When the OVA is deployed, right-click the VM and select Template -> Convert to Template. (Don’t start the VM before you convert it.)
When prompted for the file to save the key, you can press Enter to choose the default id_rsa. Enter a password for your key pair.
Add your private key to the SSH agent on your bootstrap machine and enter the password.
ssh-add ~/.ssh/id_rsa
Deploy a standalone k8s cluster
Start Docker on your bootstrap machine and make sure it can connect to the internet to pull container images.

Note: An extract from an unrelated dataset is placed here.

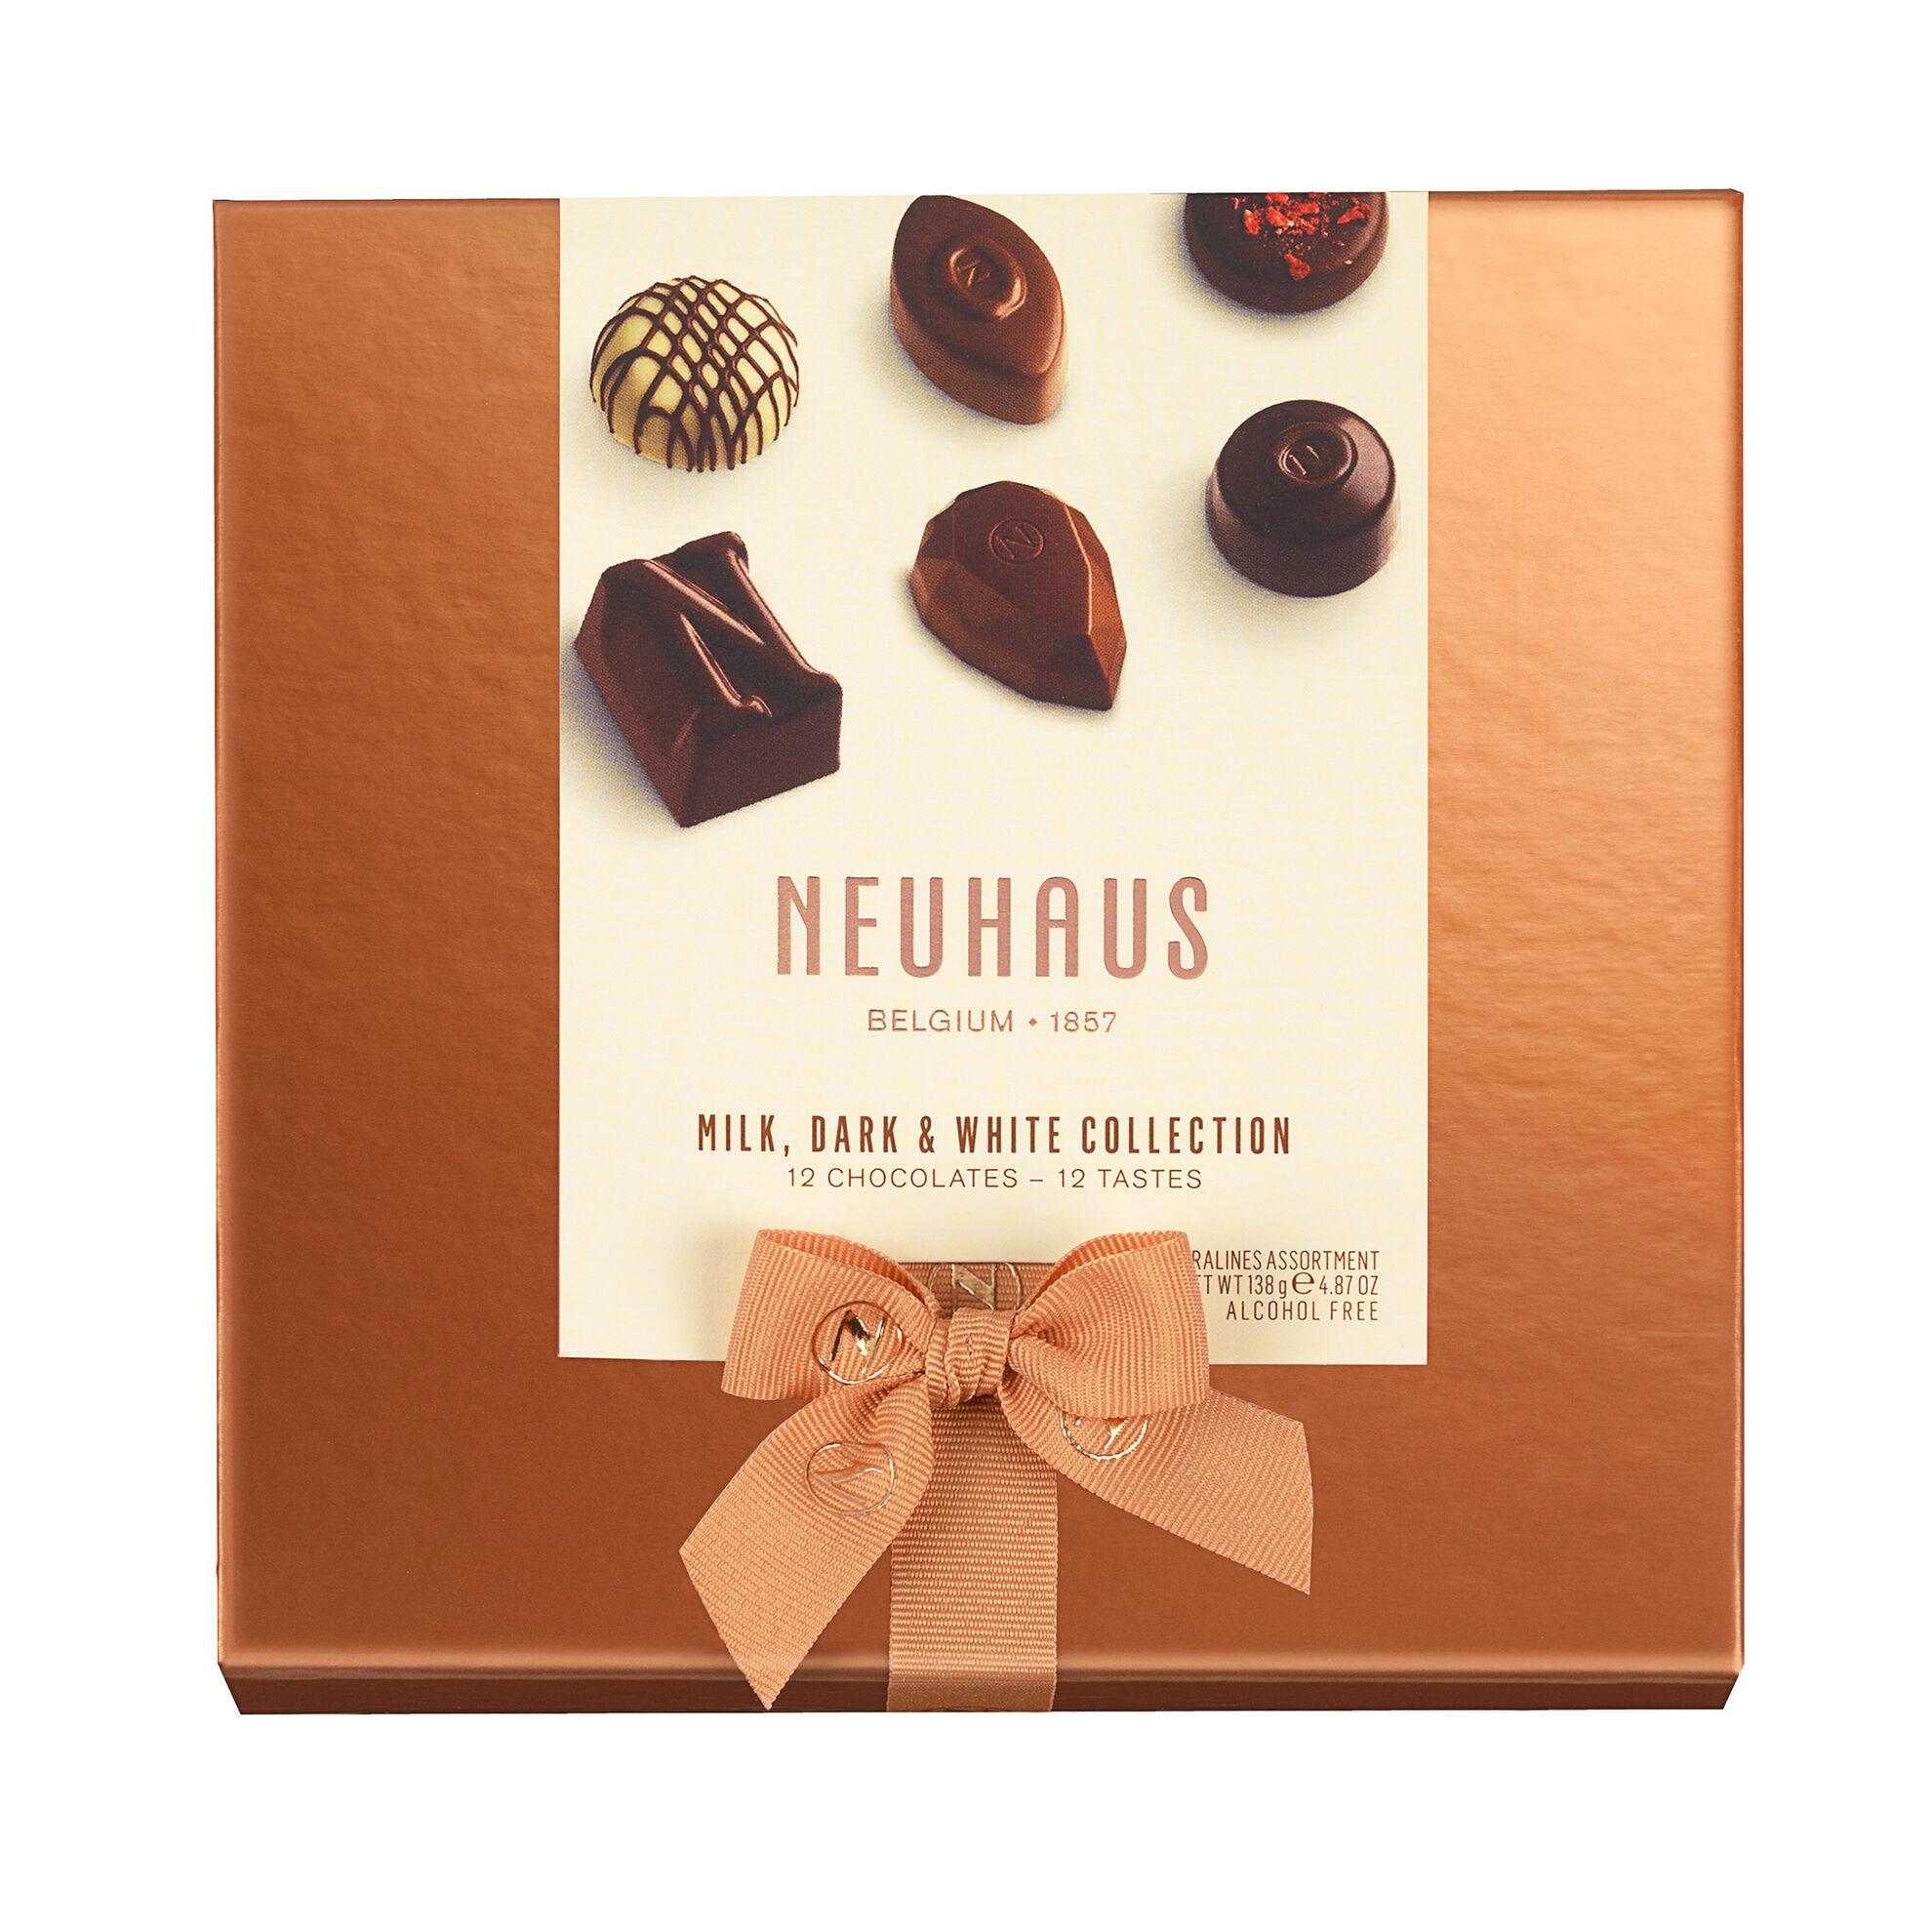 Neuhaus Discovery Collection: Milk, Dark, White Chocolate Assortment 12 pcs image number 11

Start the Tanzu browser UI on your bootstrap machine to create a standalone cluster:
tanzu standalone-cluster create --ui
In the browser UI, select VMware vSphere: Deploy
Enter your vCenter IP address, vCenter SSO username and password and click Connect
Choose the ‘Datacenter’ (that’s your host) and in the SSH Public Key field, paste in the contents of the ~/.ssh/id_rsa.pub file that was created in step 2 of Creating an SSH key pair.
Select a small instance type under Development, a standalone cluster name, a static control plane endpoint IP address from the subnet. Leave the endpoint provider as kube-vip.

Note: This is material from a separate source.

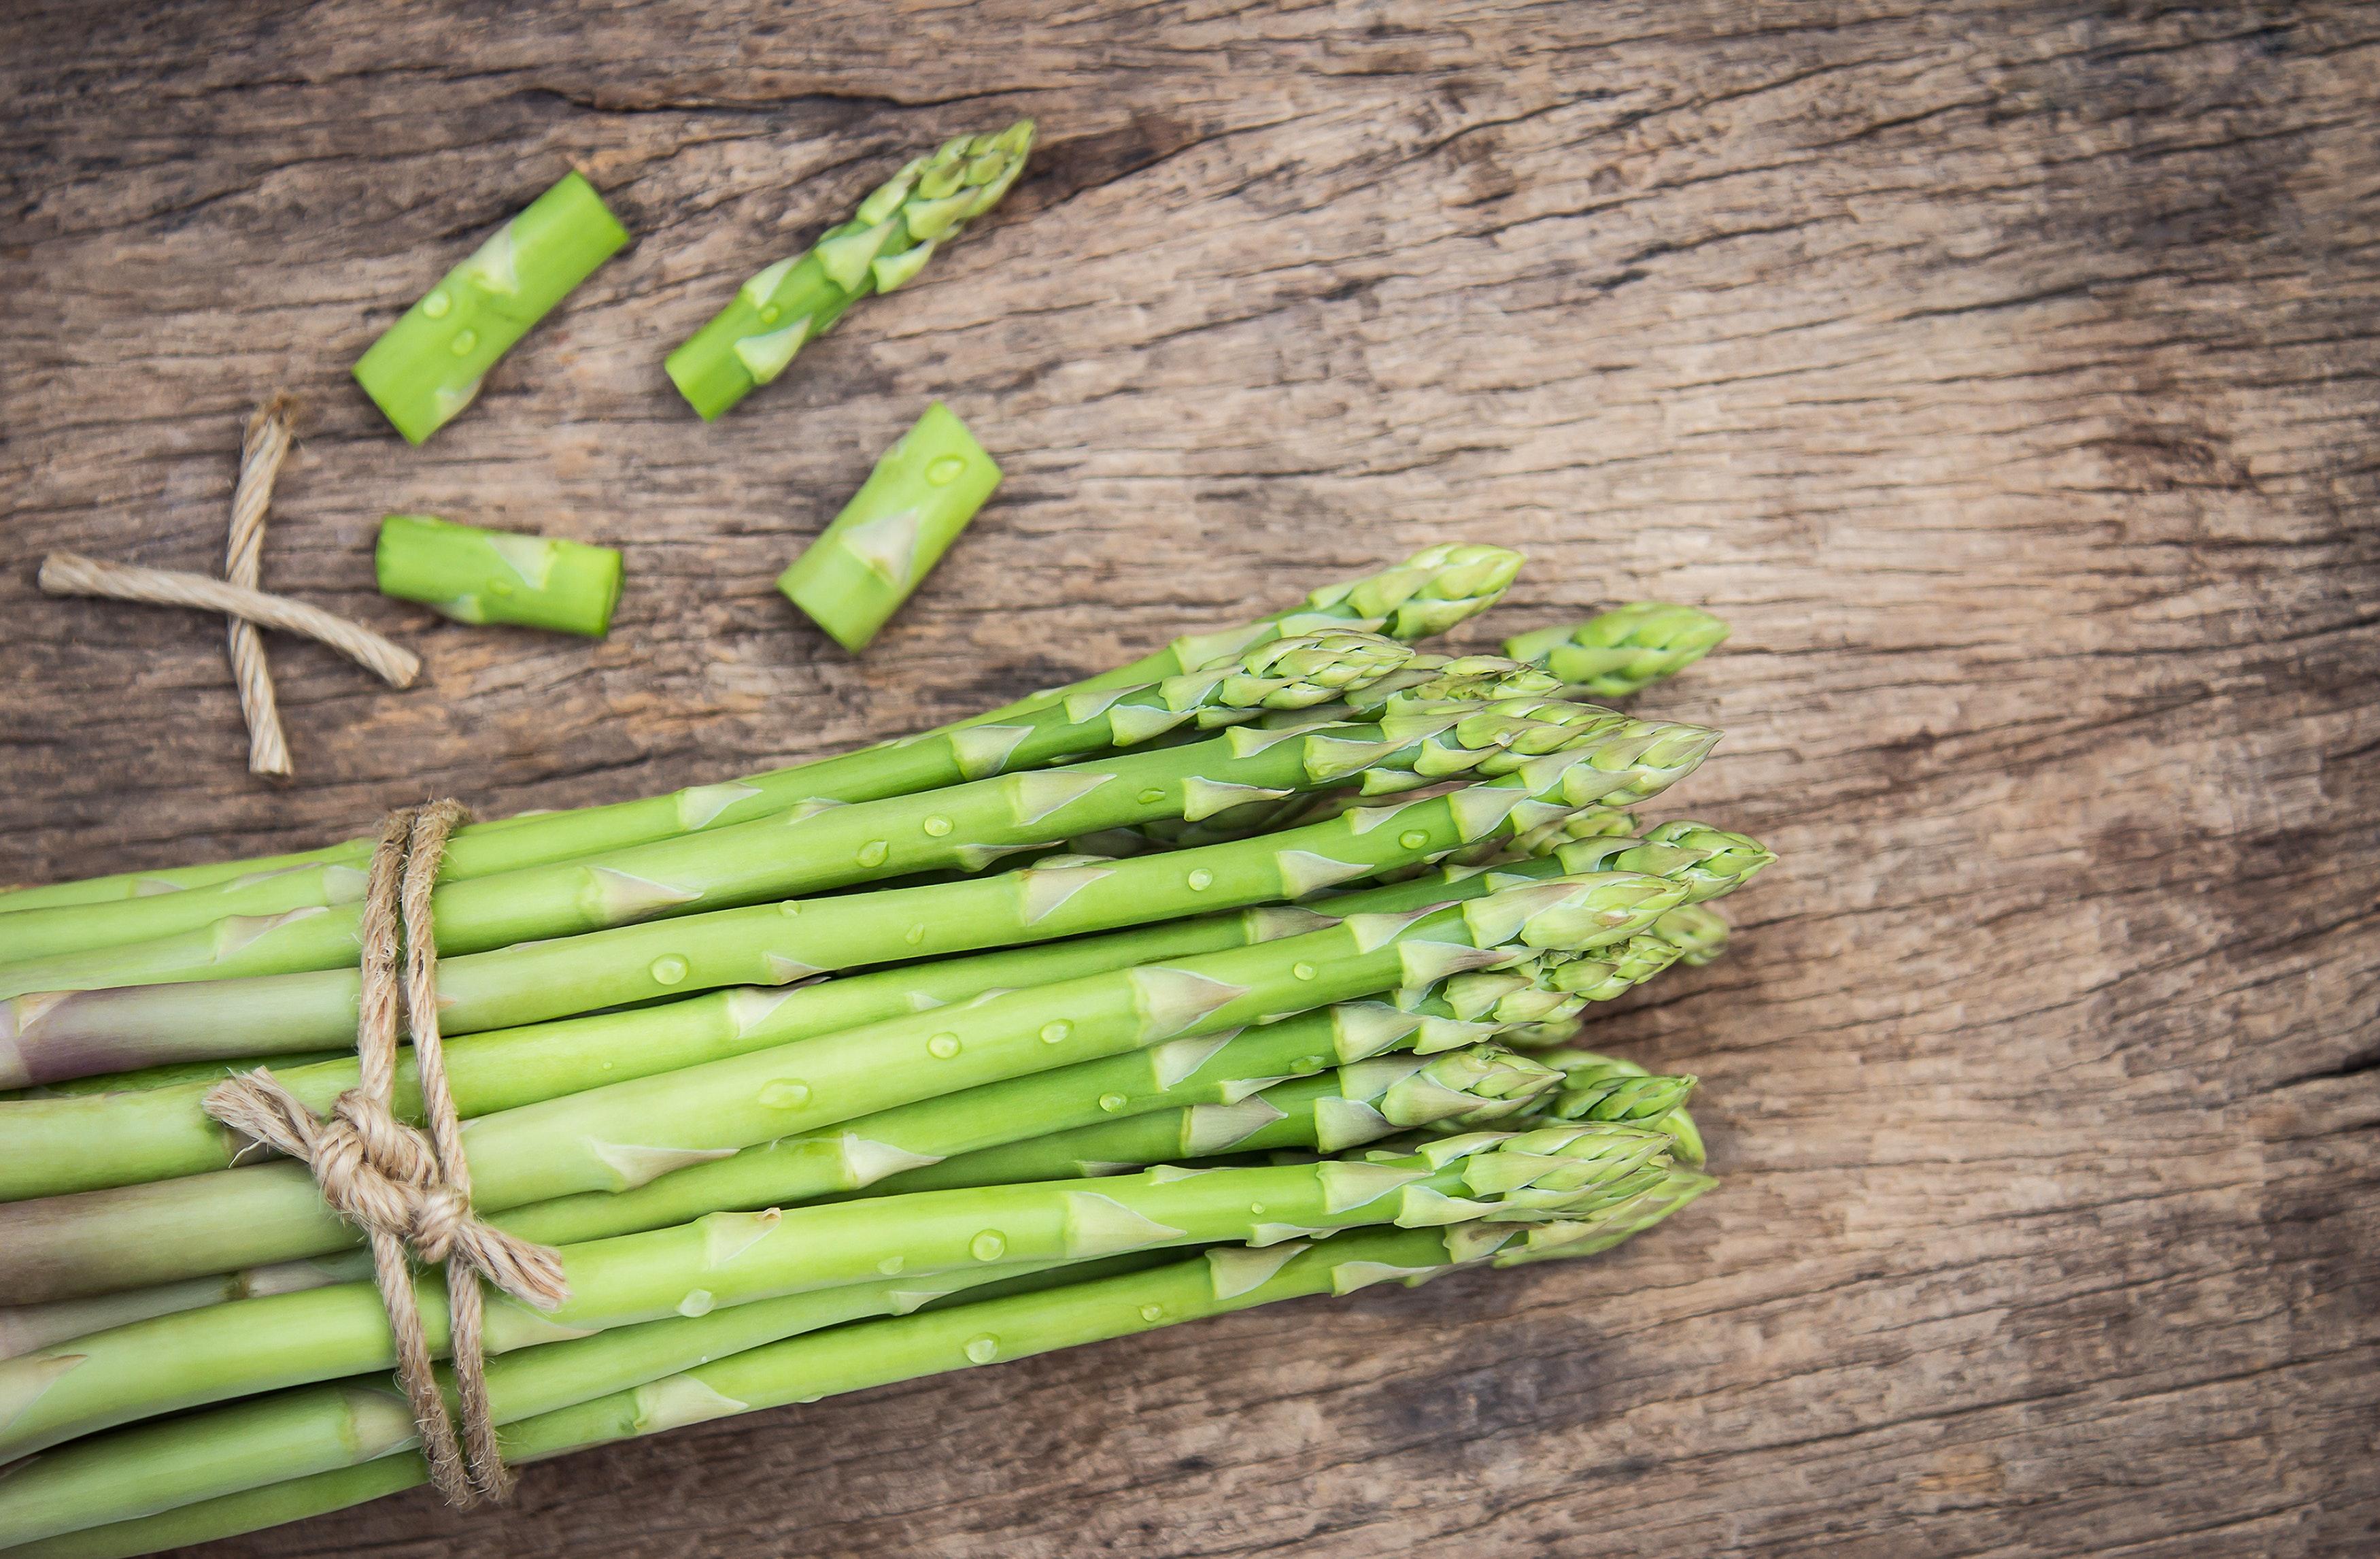 asparges sæson grøntsag (Foto: Pexels)

Under the Resources section, choose the VM folder, the datastore name and host IP address that you configured when setting up the ESXi hypervisor.

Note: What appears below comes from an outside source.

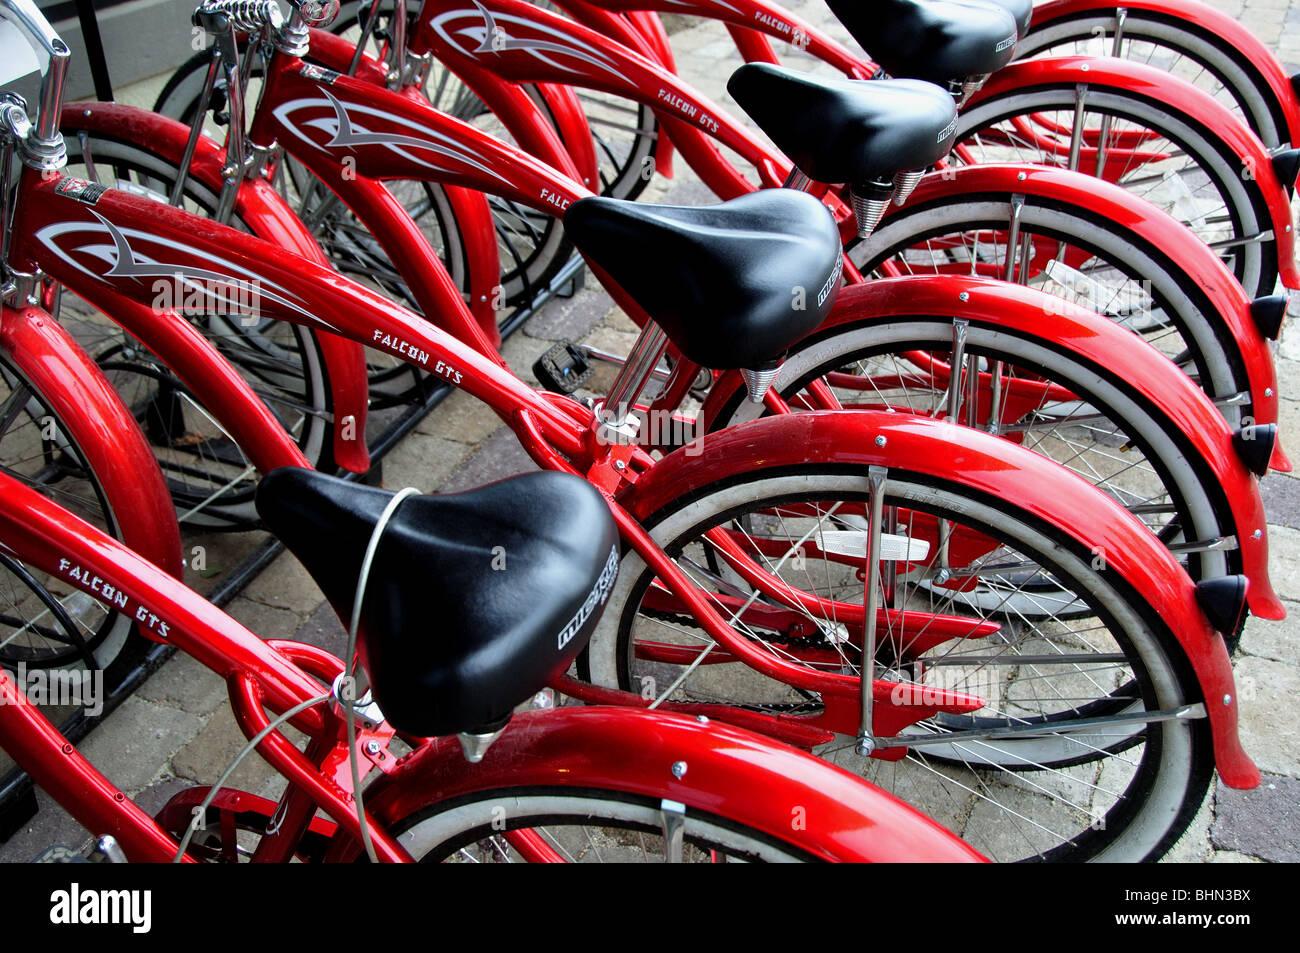 USA, Idaho, McCall, Rental Bicycles - Stock Image

You can leave the default values in Kubernetes Network settings, disable identity management settings and under OS image, select the template image you created for the kubernetes nodes OS.
Finally, review the settings and before deploying the cluster, study the CLI command equivalent. This command shows that based on your configuration above, the Tanzu standalone cluster installer has created a YAML configuration file, probably at ~/.config/tanzu/tkg/clusterconfigs/.yaml. This YAML file will be handy to make a config file for the workload cluster.
If you wanted to use Tanzu Community Edition with a public cloud provider, rather than vSphere, then you can skip most the steps above. You would only have to follow the steps in Download and Install Tanzu CE and Deploy a standalone k8s cluster. Instead of the vCenter SSO credentials in the first step, you will need to provide appropriate credentials for your account, for example, if you use AWS, you provide the AWS CLI profile which you create when you first configure AWS CLI on your bootstrap machine.
Instead of a standalone k8s cluster, you can also first deploy a management k8s cluster to help manage your workload cluster. This leverages Cluster APIs to deploy and manage your application workload cluster in a declarative way.
Using your kubernetes cluster
To actually use kubectl to talk to kube-apiserver on the cluster, you will need the cluster config. kubectl takes its configuration from the ~/.kube/config file. You will need to get the vSphere k8s cluster config here. To do that, run:
To verify that kubectl works, try using it to get details of resources on the kluster:
kubectl get nodes
That’s it! You can, now, deploy workloads to your kubernetes cluster using kubectl.
The experience
You are bound to encounter some hurdles along the way. The Tanzu team have ensured that the Community Edition installation and usage is relatively simple, and its configuration parameters have default values that work. It’s also easy to get Tanzu Community Edition working on public cloud providers. It is useful for developers to get familiar with Tanzu in small-scale or development environments. This further increases VMware’s reach and influence among the developer community.
The story with ESXi and vCenter, on the other hand, is different. You will encounter errors and the errors aren’t always self-explanatory. For example, a common problem that many find is that when installing vCenter the installation gets stuck at 80%, waiting for RPM installation to complete. This can get stuck at the same place for any number of reasons. To find the real cause, you will need to look at log files that can be cryptic and misleading. The vCenter documentation online isn’t very helpful to resolve these errors.
The release of Tanzu community edition is a welcome step. It lets many more learners hone their skills in a hands-on environment and allows developers to run compute-intensive workloads and proofs of concepts in pre-production environments.